Powered by flash torches, the exploration trip began on the same night, at around 10:00 pm, on horsebacks. The foursome braved the bone-chilling cold throughout the night before reaching the base camp of the glacier at 5:00 am, on September 15.

The rescue team only found two men—a cook and a helper—at the camp. They were oblivious of the fate of their team members.

“They freaked out after knowing about the rock-felling accident,” Raina recalled.

Apart from hunting the missing adventurers, the rescue team had to also comfort the two men at the base camp.

At 9:00 am that day, as the sun shone on the frosty peak, a weak walkie-talkie signal surfaced. It was from the climbers. “They asked us to wait there at the base camp for the next 12 hours,” Raina detailed.

Drained and bloodied, the mountaineers were dragging themselves from their ambitious trip-gone-wrong summit. Once tracing them, Raina sent an assuring word to anxious officials gathered inside the SDM’s office: “No need of a chopper. We got them.”

But the Delhi climbers were taking their own time to descend from the perilous heights.

Next day, at 8:30, am, the climbers reestablished the contact with Raina’s rescue team: “We’re fatigued.
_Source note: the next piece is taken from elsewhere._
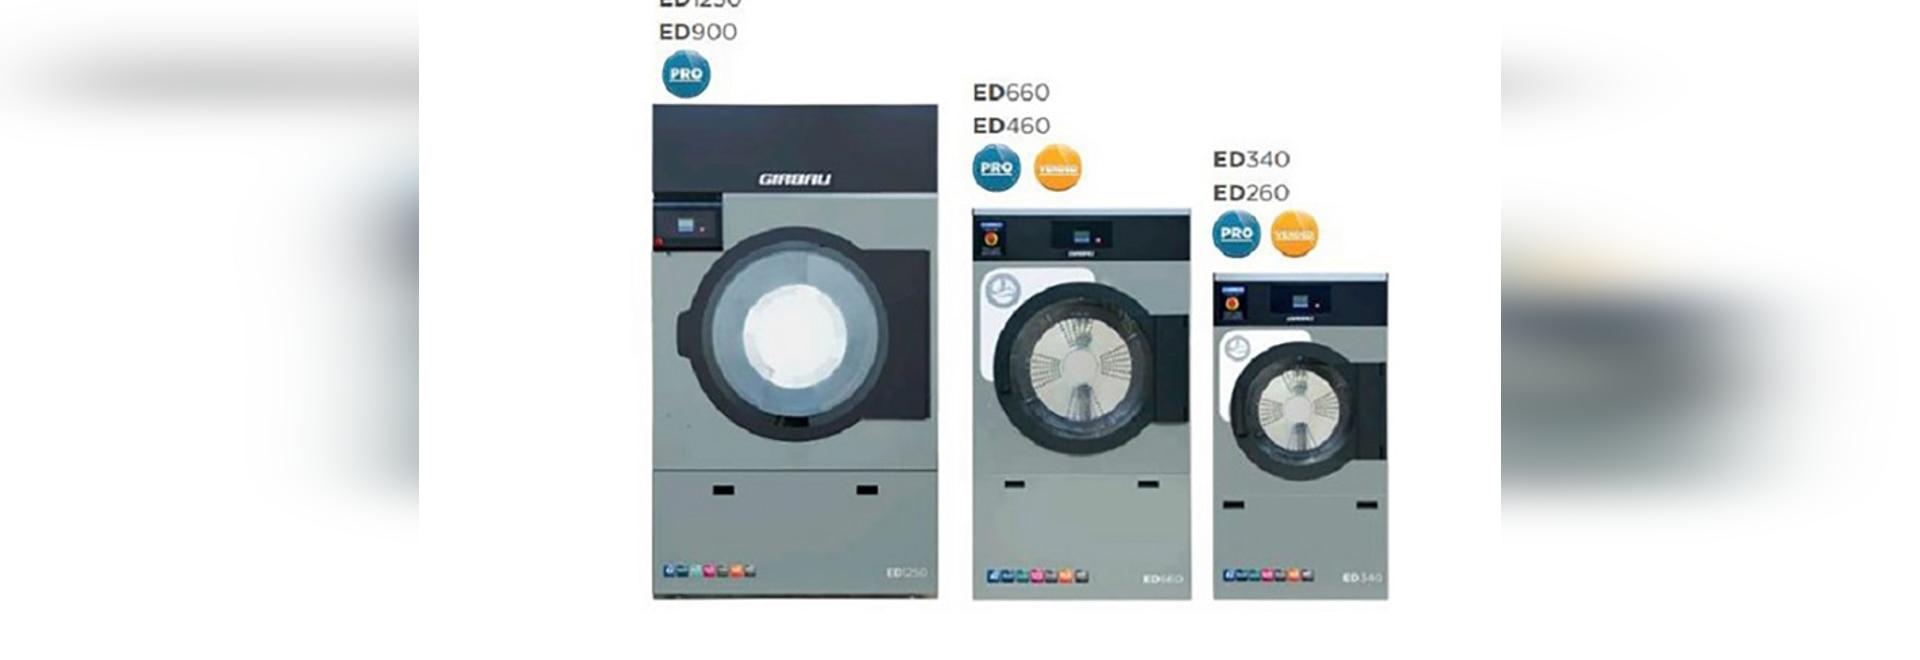 Girbau presents the new ED900 dryer
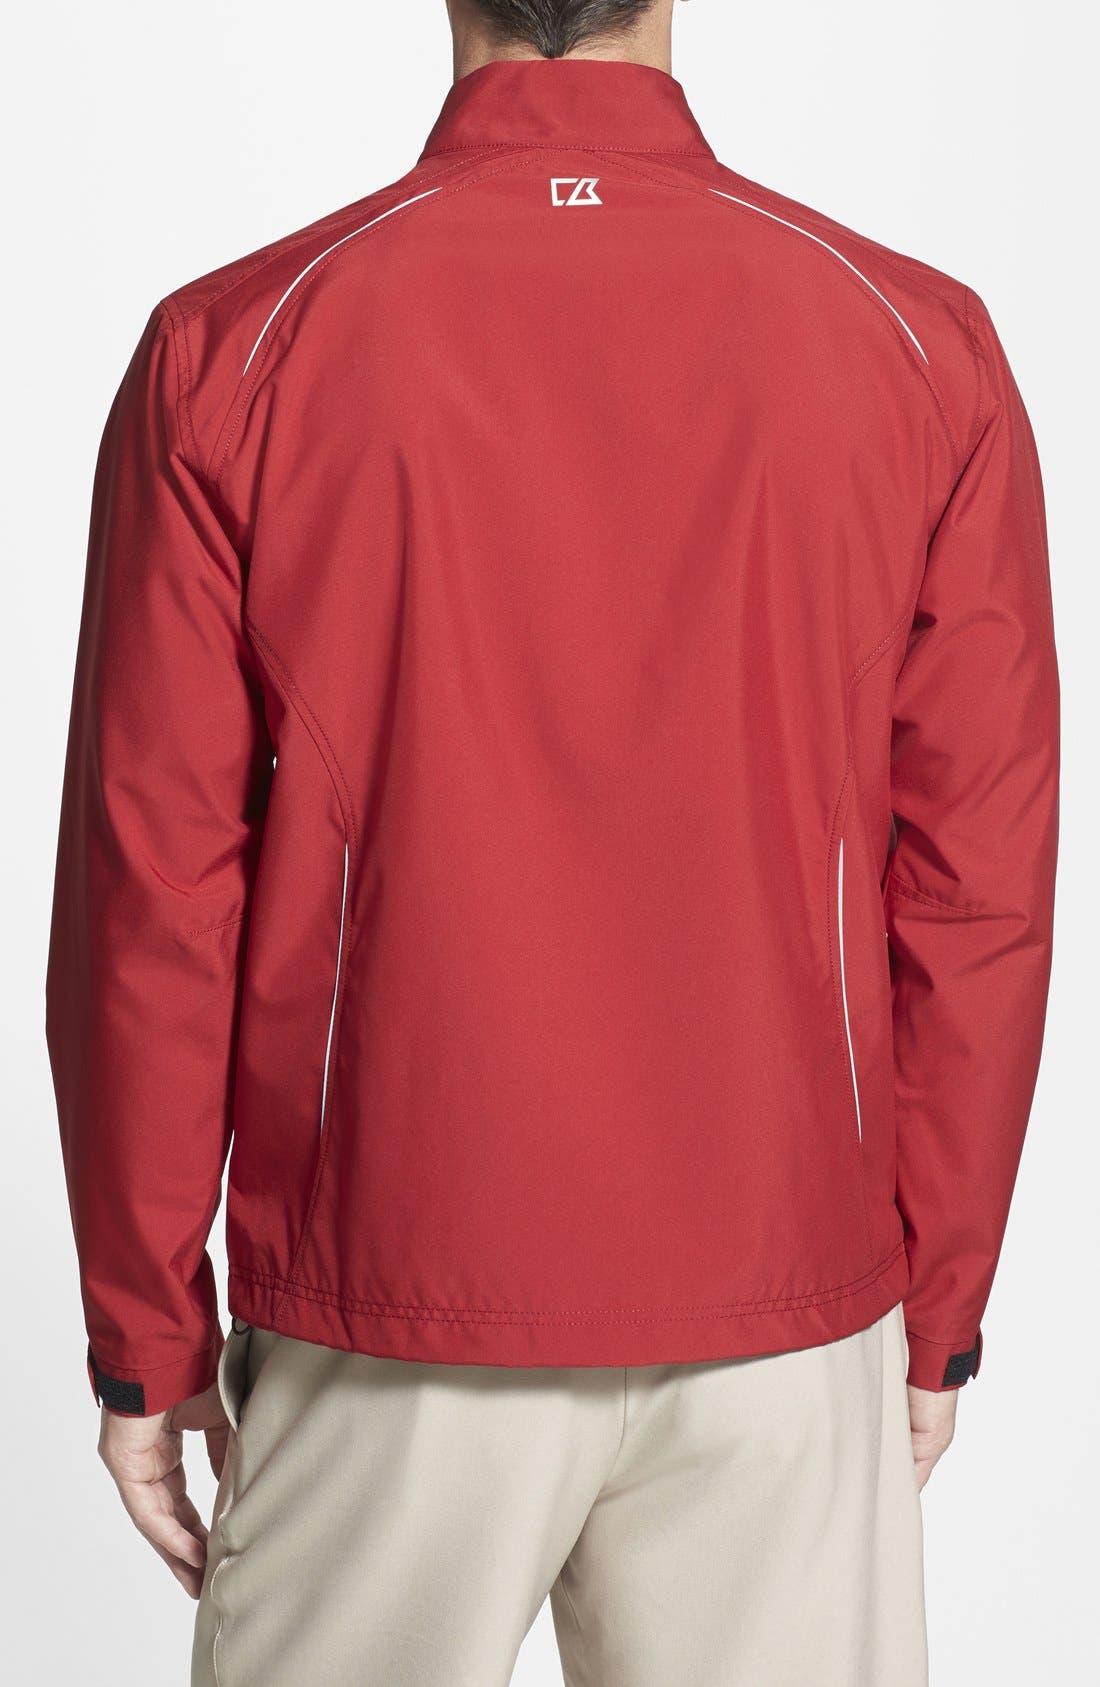 Alternate Image 2  - Cutter & Buck Kansas City Chiefs - Beacon WeatherTec Wind & Water Resistant Jacket

Need help.”

Raina sent three of his team members, along with personnel from State Disaster Response Fund (SDRF), Jammu and Kashmir police and Jawahar Institute of Mountaineering Pahalgam, for the rescue.

They headed towards the point where the climbers would be waiting for them.

Hours later, when the rescuers along with the climbers reached back at the base camp, Raina sent a triumphant signal to the Kashmir administration monitoring the rescue operation at Pahalgam: “Job done. The climbers are safe and sound.”

And soon, amid accolades, Raina resumed his derailed homecoming through the bazars of Pahalgam.

 

EDIT NOTE: Some details in this piece are misleading and have been exaggerated. A ‘part two’ will address them.